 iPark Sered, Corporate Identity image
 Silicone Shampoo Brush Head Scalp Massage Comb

---

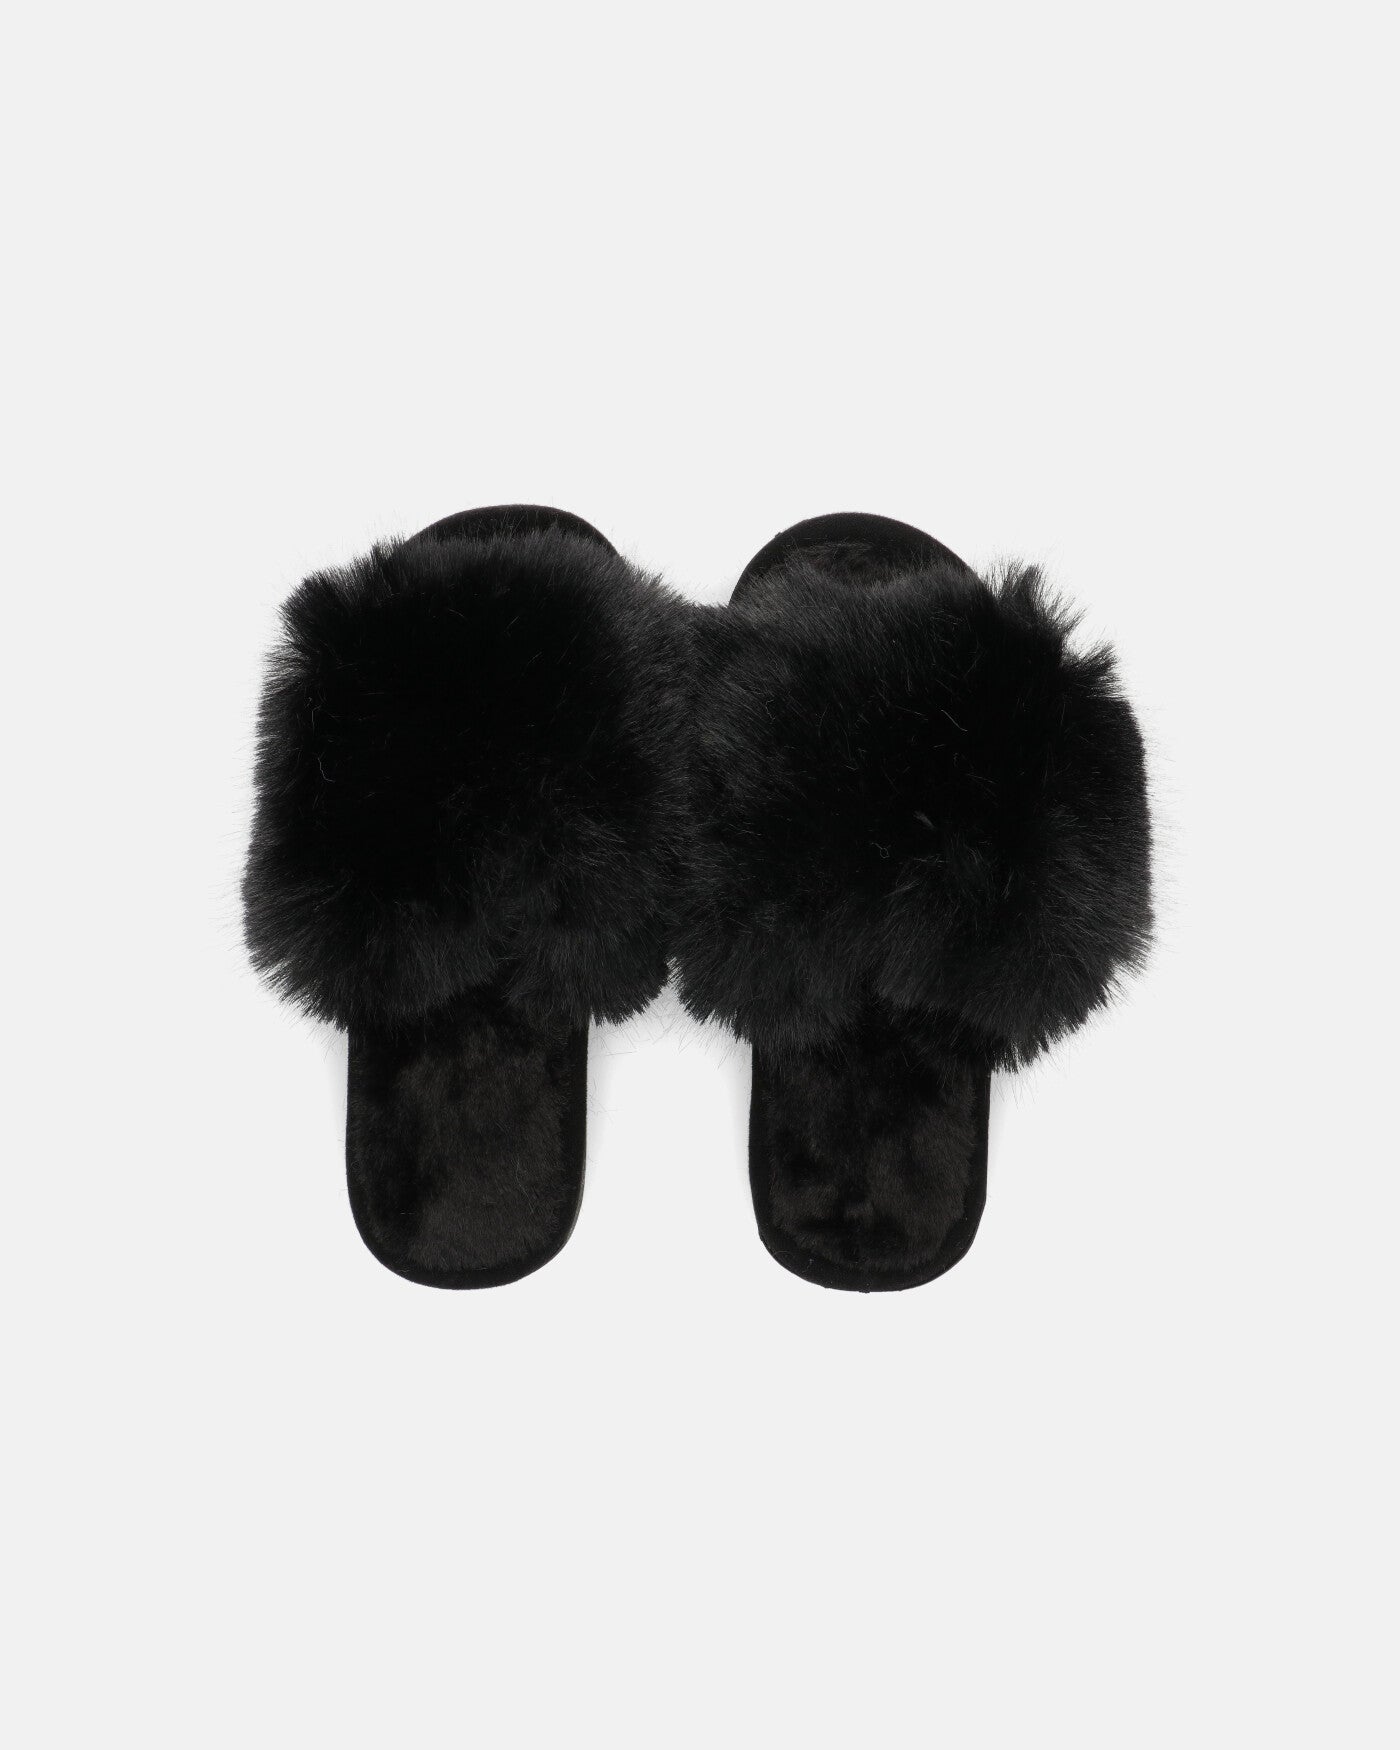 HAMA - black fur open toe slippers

ASSIGNED TASK: Of the lines above, output exactly those from the line bearing "iPark Sered, Corporate Identity image" through the line bearing "Silicone Shampoo Brush", inclusive.

ANSWER BOX:
 iPark Sered, Corporate Identity image
 Silicone Shampoo Brush Head Scalp Massage Comb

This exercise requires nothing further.